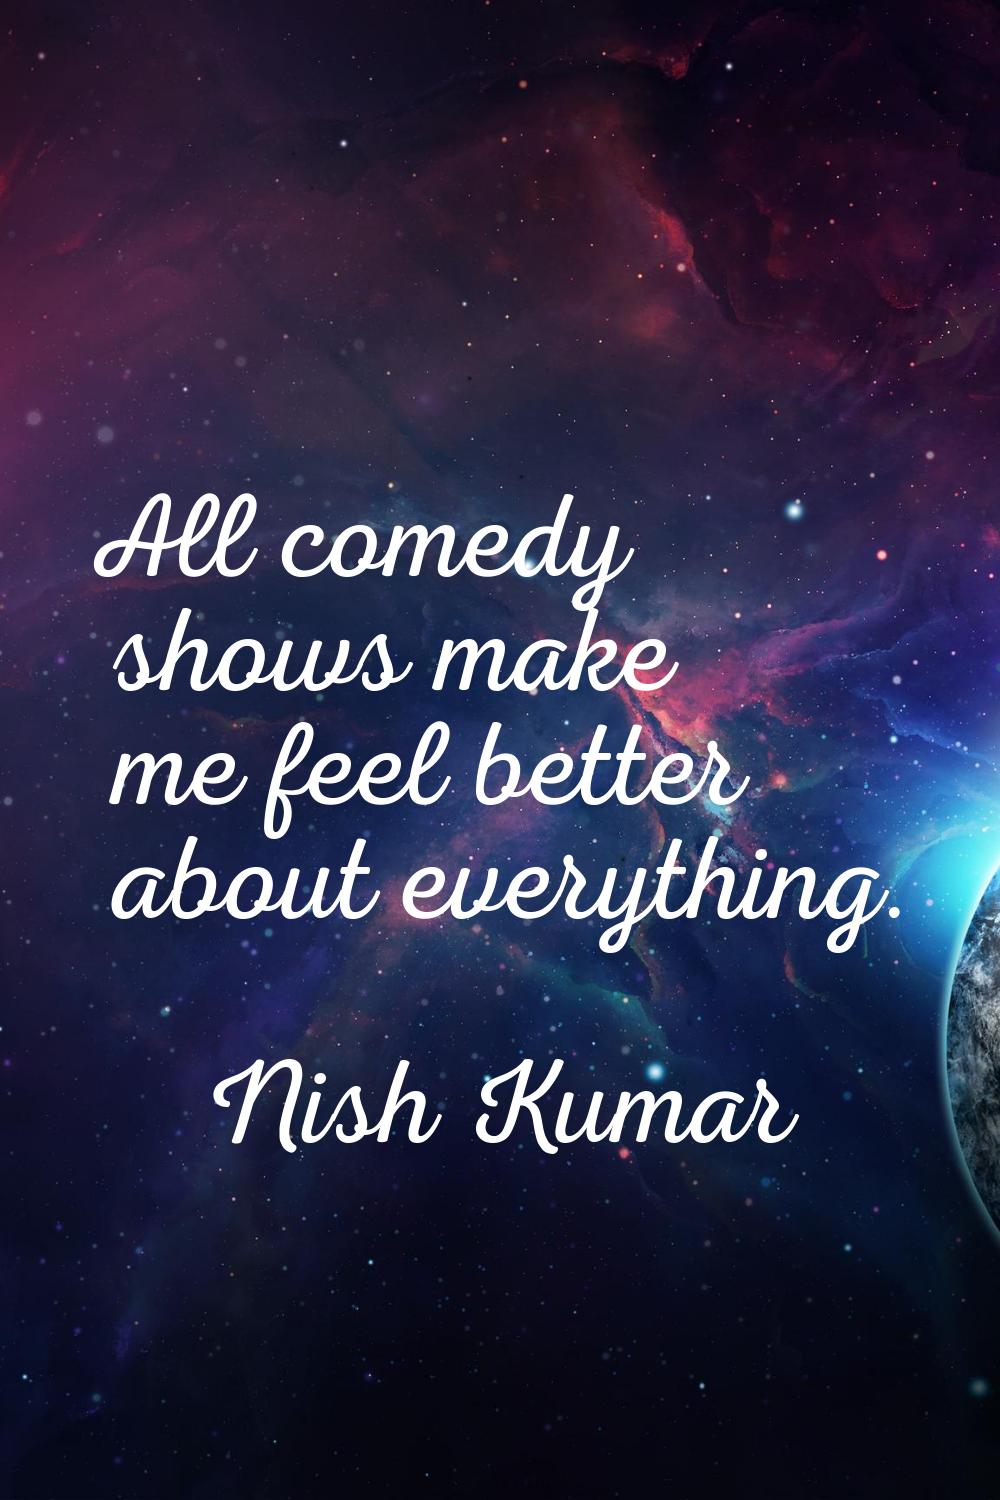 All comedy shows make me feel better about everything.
------------------------------------------------------------------------
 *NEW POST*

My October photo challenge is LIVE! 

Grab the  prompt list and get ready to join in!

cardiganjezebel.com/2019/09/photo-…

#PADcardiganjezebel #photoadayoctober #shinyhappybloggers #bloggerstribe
------------------------------------------------------------------------
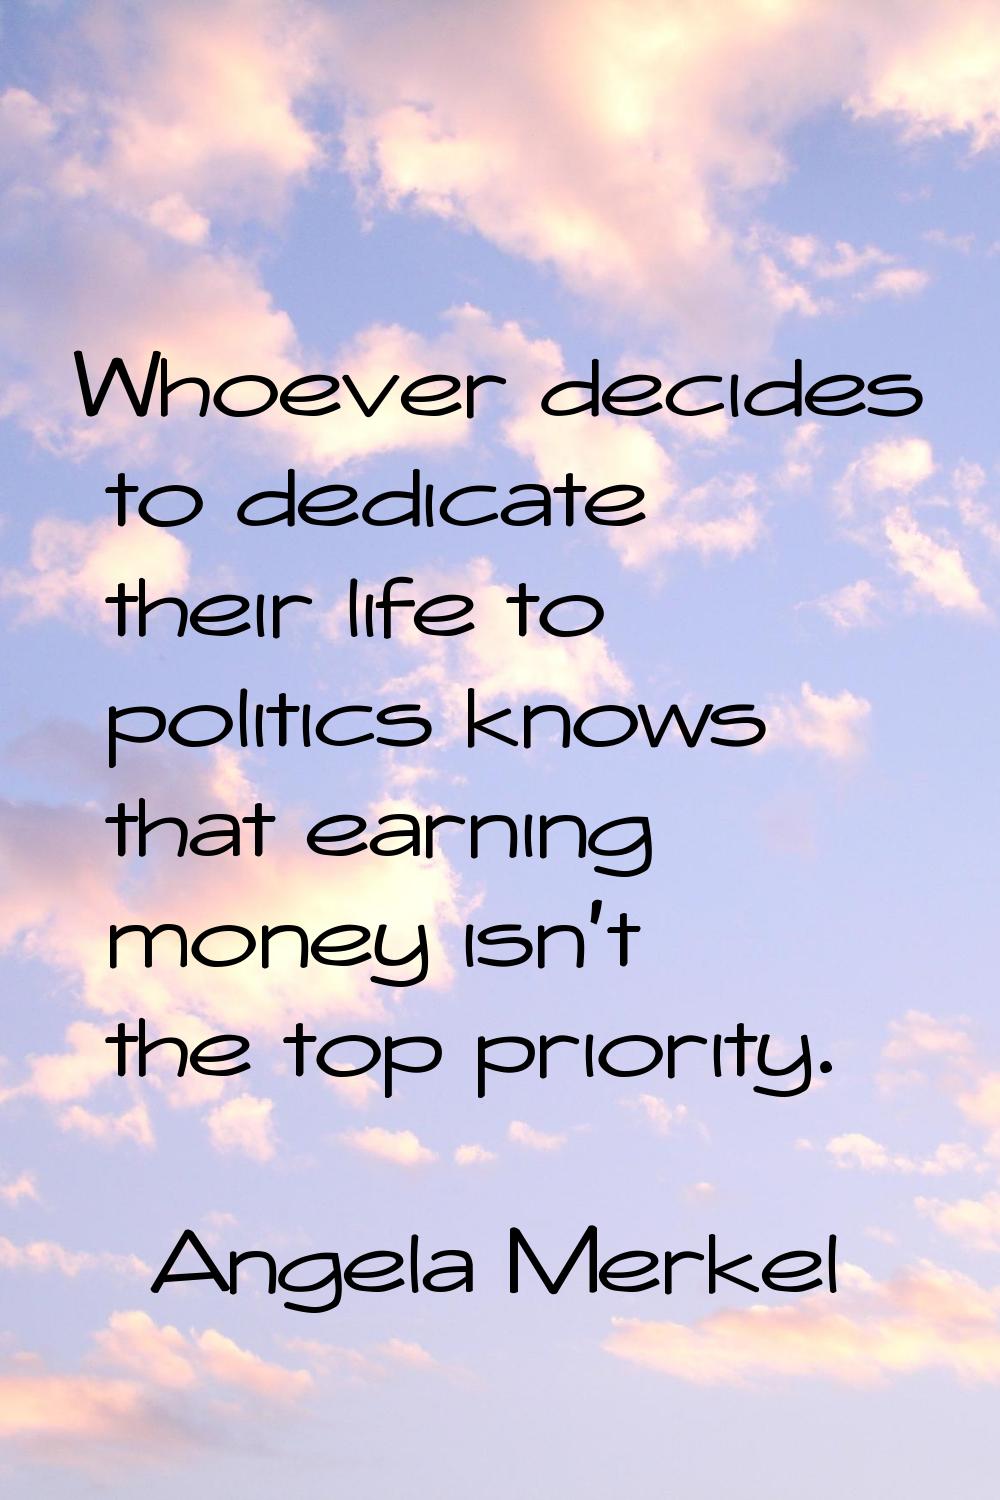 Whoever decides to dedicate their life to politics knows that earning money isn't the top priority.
------------------------------------------------------------------------
- **Task prompt**: From the material above, set down exactly the lines starting at the one with "cardiganjezebel.com/2019/09/photo-…" and ending at the one with "#PADcardiganjezebel #photoadayoctober #shinyhappybloggers", end lines included.

- **Answer section**:
cardiganjezebel.com/2019/09/photo-…

#PADcardiganjezebel #photoadayoctober #shinyhappybloggers #bloggerstribe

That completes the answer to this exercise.